Department of Biology and Biochemistry, University of Bath, Claverton Down, Bath, United Kingdom.
PLoS One. 2011 Feb 28;6(2):e17354. doi: 10.1371/journal.pone.0017354.
The progression of many human neurodegenerative disorders is associated with an accumulation of alpha-synuclein. Alpha-synuclein belongs to the homologous synuclein family, which includes beta-synuclein. It has been proposed that beta-synuclein may be a natural regulator of alpha-synuclein. Therefore controlling beta-synuclein expression may control the accumulation of alpha-synuclein and ultimately prevent disease progression. The regulation of synucleins is poorly understood. We investigated the transcriptional regulation of beta-synuclein, with the aim of identifying molecules that differentially control beta-synuclein expression levels. To investigate transcriptional regulation of beta-synuclein, we used reporter gene assays and bioinformatics. We identified a region -1.1/-0.6 kb upstream of the beta-synuclein translational start site to be a key regulatory region of beta-synuclein 5'-promoter activity in human dopaminergic cells (SH-SY5Y). Within this key promoter region we identified a metal response element pertaining to a putative Metal Transcription Factor-1 (MTF-1) binding site. We demonstrated that MTF-1 binds to this 5'-promoter region using EMSA analysis. Moreover, we showed that MTF-1 differentially regulates beta-synuclein promoter binding site, as well as beta-synuclein mRNA and protein expression. This effect of MTF-1 on expression was found to be specific to beta-synuclein when compared to alpha-synuclein. Understanding the regulation of synucleins and how they interact may point to molecular targets that could be manipulated for therapeutic benefit. In this study we showed that MTF-1 differentially controls the expression of beta-synuclein when compared to its homolog alpha-synuclein. This could potentially provide a novel targets or pathways for therapeutic intervention and/or treatment of synucleinopathies.
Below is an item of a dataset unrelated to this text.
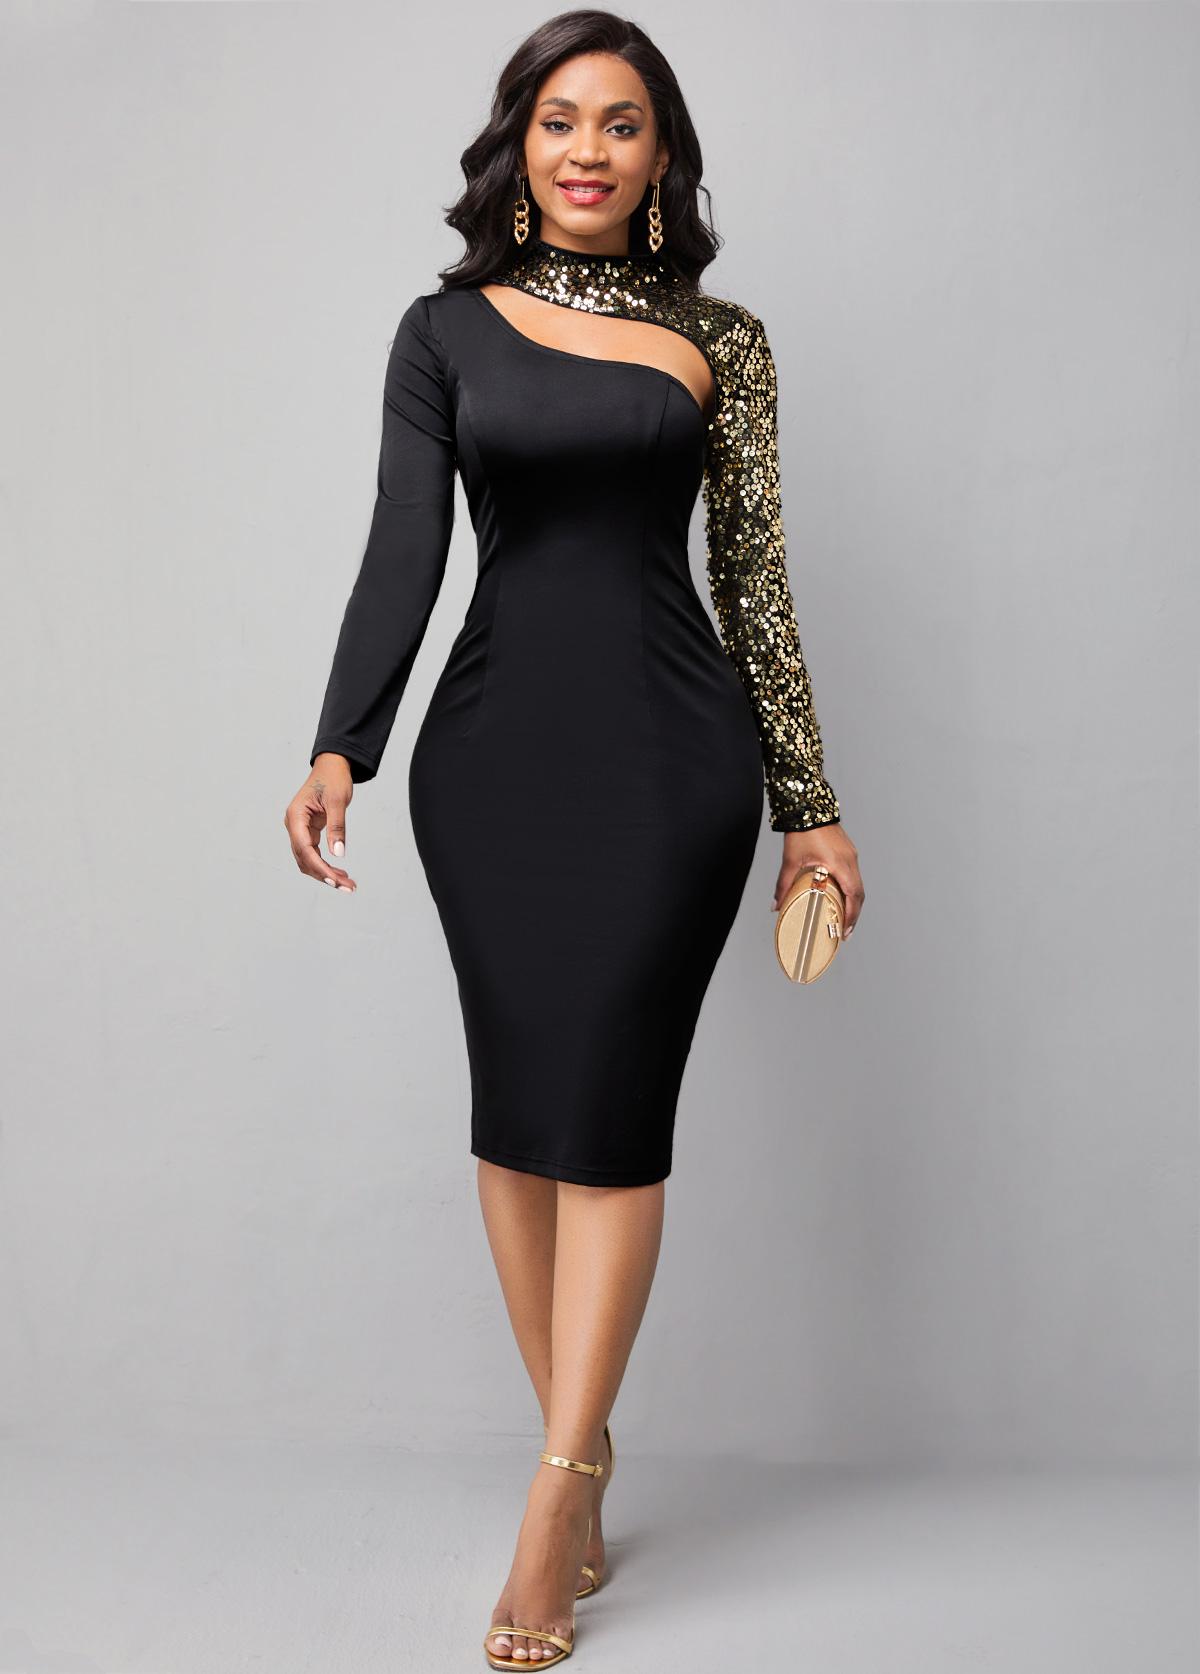 ROTITA Cutout Front Sequin Long Sleeve Dress

许多人类神经退行性疾病的进展都与α-突触核蛋白的积累有关。α-突触核蛋白属于同源突触核蛋白家族,该家族还包括β-突触核蛋白。有人提出,β-突触核蛋白可能是α-突触核蛋白的天然调节剂。因此,控制β-突触核蛋白的表达可能会控制α-突触核蛋白的积累,并最终防止疾病的进展。突触核蛋白的调节机制尚未完全阐明。我们研究了β-突触核蛋白的转录调控,旨在确定可差异化控制β-突触核蛋白表达水平的分子。为了研究β-突触核蛋白的转录调控,我们使用了报告基因检测和生物信息学方法。我们确定了β-突触核蛋白翻译起始位点上游的-1.1/-0.6kb 区域是人类多巴胺能细胞(SH-SY5Y)中β-突触核蛋白 5'-启动子活性的关键调控区。在这个关键启动子区域内,我们确定了一个金属反应元件,涉及到一个假定的金属转录因子-1(MTF-1)结合位点。我们通过 EMSA 分析证明了 MTF-1 与这个 5'-启动子区域结合。此外,我们还表明,MTF-1 可差异化调节β-突触核蛋白启动子结合位点以及β-突触核蛋白的 mRNA 和蛋白表达。与α-突触核蛋白相比,MTF-1 对表达的这种影响仅针对β-突触核蛋白。了解突触核蛋白的调节以及它们之间的相互作用可能指向可用于治疗获益的分子靶标。在这项研究中,我们表明 MTF-1 可差异化控制β-突触核蛋白的表达,与同源蛋白α-突触核蛋白相比。这可能为突触核蛋白病的治疗干预和/或治疗提供新的靶点或途径。